In order to find out the impact of the number of seeds on the ability of combating link spamming, we use a method similar to that in TrustRank[1]. We generate a list of sites in descending order of their PageRank scores and segment these sites into 20 buckets. Each of the buckets contains a different number of sites with scores summing up to 5% of the total PageRank scores. We construct a sample set of 1000 sites by selecting 50 sites at random from each bucket. Then we perform a manual evaluation to determine their categories. Each site is classified into one of the following categories: reputable, spam, pure directory, and personal blog. Any site uses any spamming techniques will be put into spam category. We throw away the non-existent sites and reselect another one.

bucket-level demotion}

Figure 2: The bucket-level demotion of TrustRank scores with different seed sets

To compare the anti-spamming abilities of different seed sets, we select a small seed set $\mathfrak{X}$ using a method similar to TrustRank [1]. At the same time, we select all the sites in the .gov domain and .edu domain as a large seed set $\mathfrak{L}$. Figure 2 shows the bucket-level demotion of TrustRank scores when using $\mathfrak{X}$ and $\mathfrak{L}$. Good sites (reputable and directory) with high rankings have little demotion, i.e. retain high ranking values. There is no obvious difference when using these two seed sets. The average demotion of the good sites is almost less than 4. However, spam sites have more demotion and using $\mathfrak{L}$ is much better than using $\mathfrak{X}$. The demotions are always larger than 5.8 with $\mathfrak{L}$.

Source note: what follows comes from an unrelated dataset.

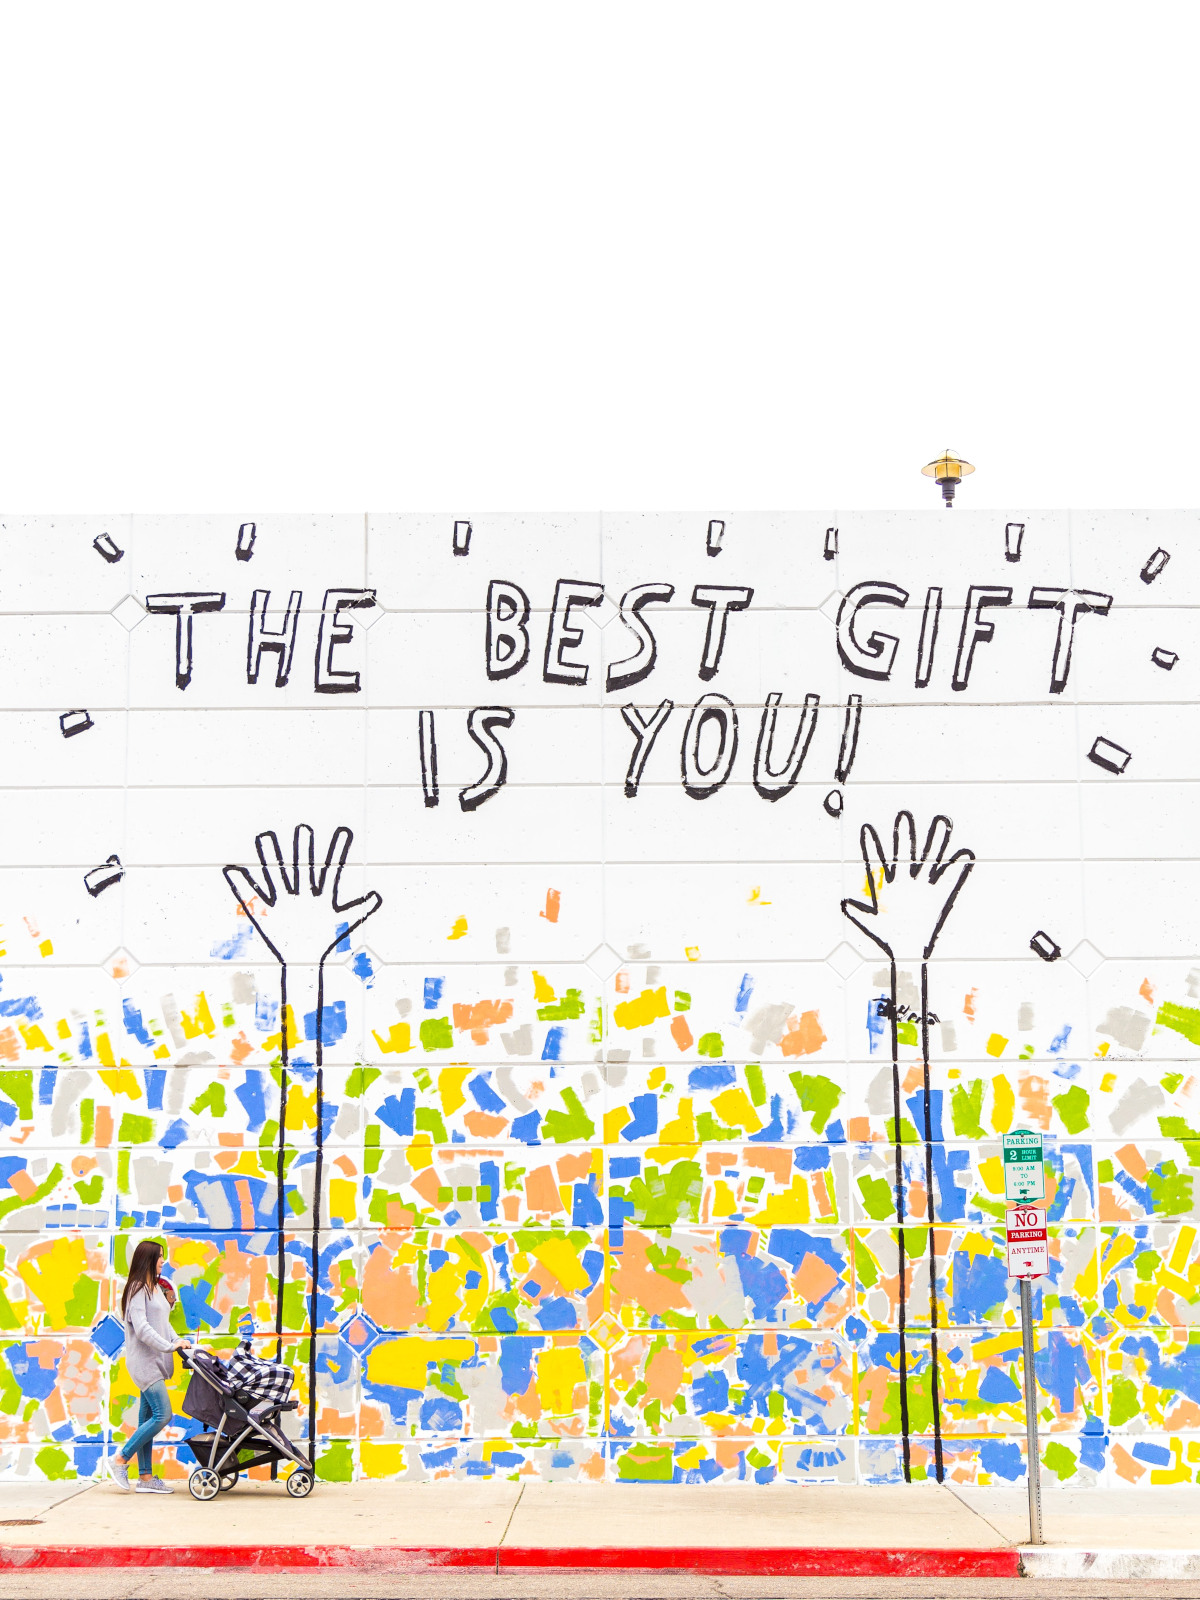 "The Best Gift Is You!" street art
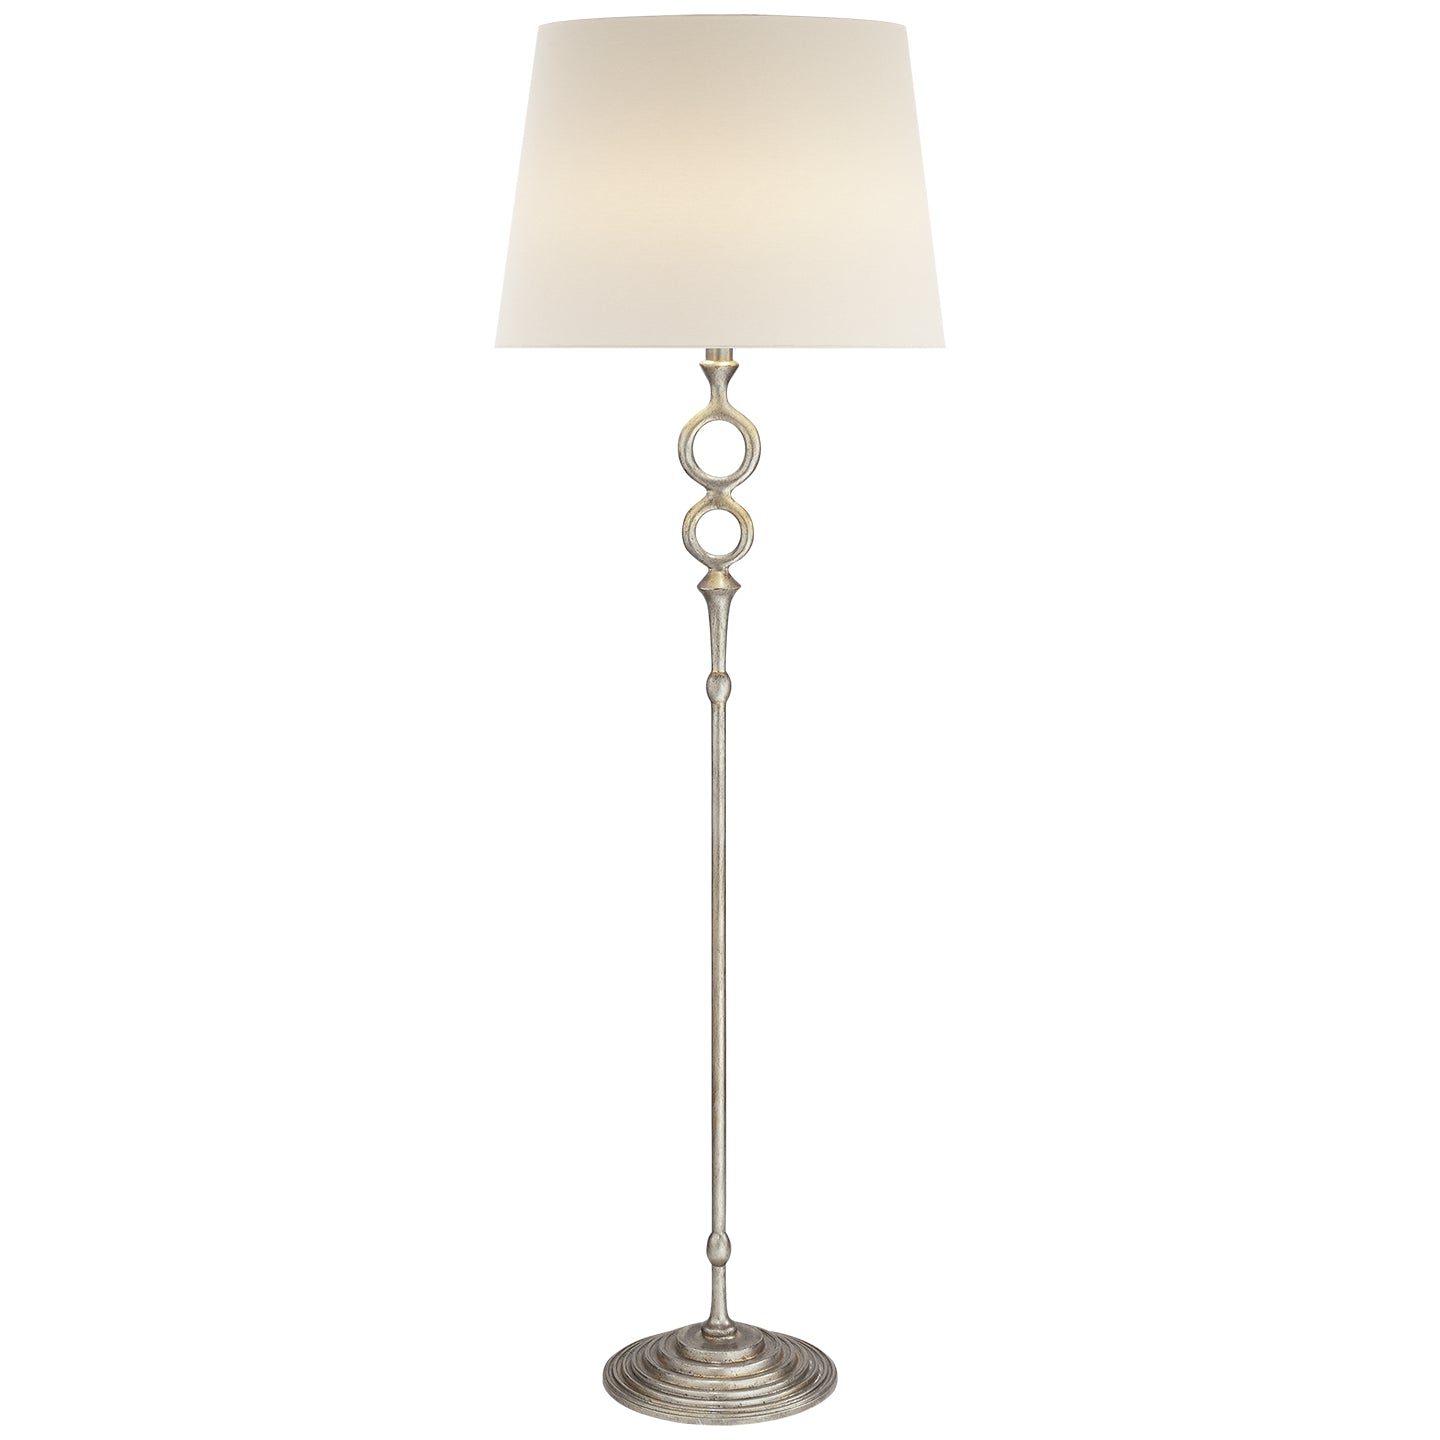 Load image into Gallery viewer, Visual Comfort Signature - ARN 1022BSL-L - Two Light Floor Lamp - bristol2 - Burnished Silver Leaf

4 Conclusion and Future Work

In this paper, we reveal that a large seed set can achieve a better performance than a small seed set on detecting web spam for biased PageRank algorithms. What is more, instead of carefully selecting a small seed set, we can select a large number of seeds automatically. For example, we can just select sites in the .gov and .edu domains as seeds. No doubt that this process is time saving. So when using a large seed set, we can obtain good result as well as simplification of selecting process.

Our future work will explore some unanswered question about seeds selection. For example, how to exploit large seed sets more effectively and can we get ``useful'' bad seeds from good ones? We will focus on these problems in the future.

5 Acknowledgement

This work is supported by NSFC under Grant No.60673129, 60773162 and 60573166, Beijing Natural Science Foundation under Grant No.4073034

REFERENCES

[1] Z. Gyongyi, H. Garcia-Molina, and J. Pedersen. Combating web spam with trustrank. In VLDB '04, 2004.

[2] V. Krishnan and R. Raj. Web spam detection with anti-trust rank. In AIRWeb'06, August 2006.

[4] L. Zhang, Y. Zhang, Y. Zhang, and X. Li. Exploring both content and link quality for anti-spamming. In CIT '06, page 37, Washington, DC, USA, 2006.